Ihren Namen haben die Perseiden, weil sie scheinbar dem Sternbild Perseus entspringen. Das liegt unterhalb des vielen bekannten großen W, der Kassiopeia, wie Astrophysiker Dominik Elsässer von den Sternfreunden sagt. Melchert empfiehlt: "In einer klaren Nacht einfach auf eine Wiese mit freiem Himmelsblick legen und nach oben schauen. Die Sternschnuppen werden kommen. Garantiert." Zumindest eine Isomatte oder eine andere wärmende Unterlage sind bei den Temperaturen allerdings ratsam.
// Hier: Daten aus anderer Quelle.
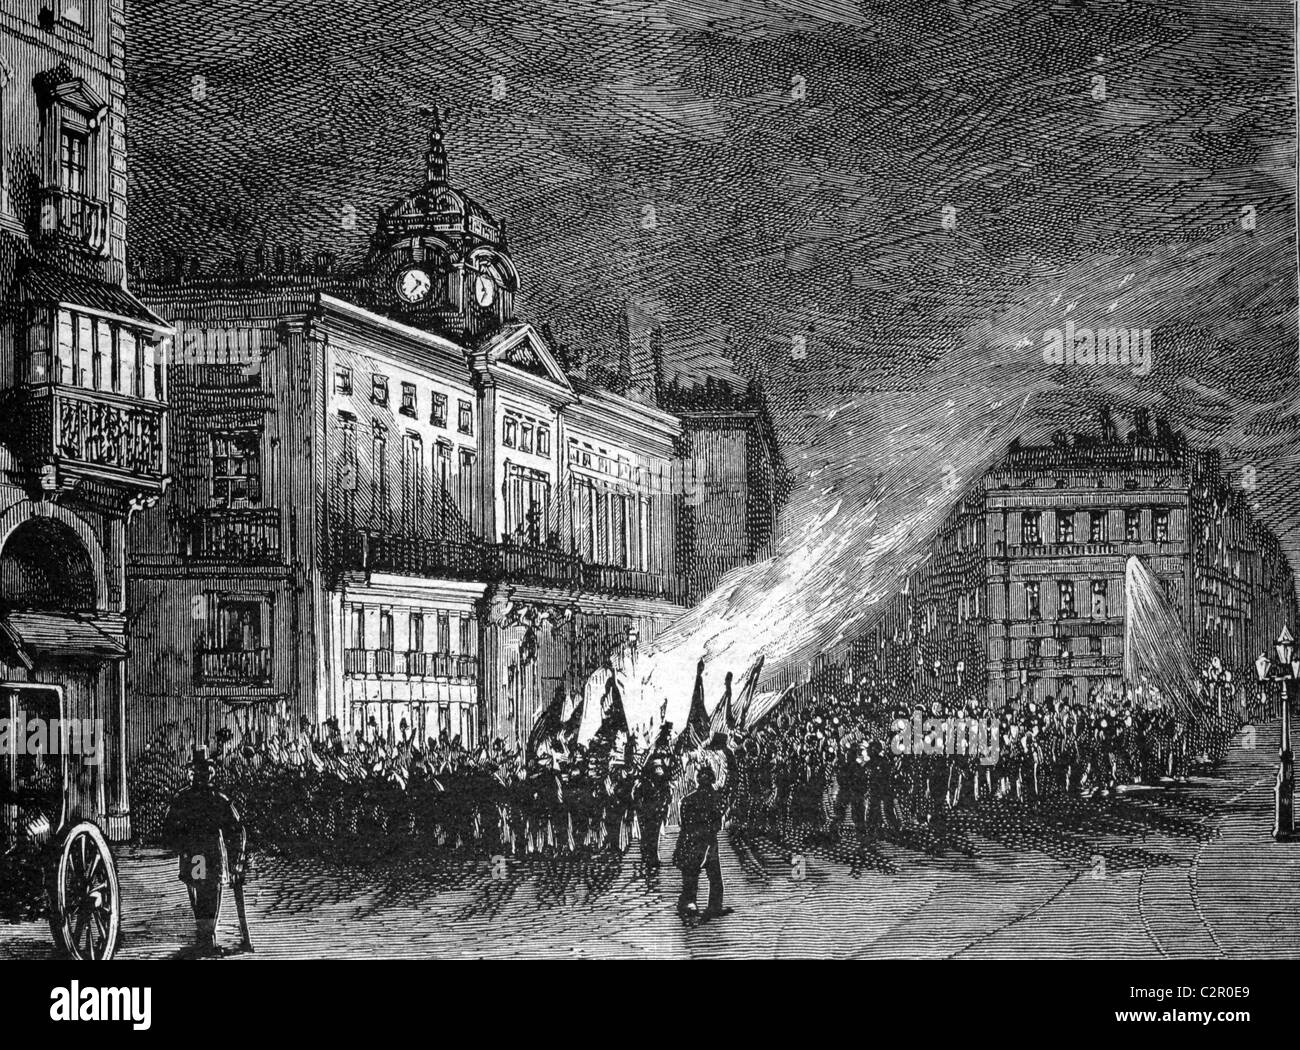 La combustion de la German armoiries sur la Puerta del Sol, Madrid, Espagne, illustration historique, vers 1886 Banque D'Images

Einen solchen Ausstrahlungspunkt (Radianten) wie die Perseiden habe jeder Sternschnuppenstrom, sagt Melchert. "Denn die Erde fliegt auf ihrer Bahn um die Sonne dann durch eine Wolke kleiner Kometentrümmerteilchen." Bei den Perseiden heißt der verursachende Komet die Bezeichnung 109P/Swift-Tuttle. Er wurde am 19. Juli 1862 entdeckt. Für einen Umlauf um die Sonne benötigt er rund 133 Jahre. Das nächste Mal wird er voraussichtlich erst 2126 zu sehen sein.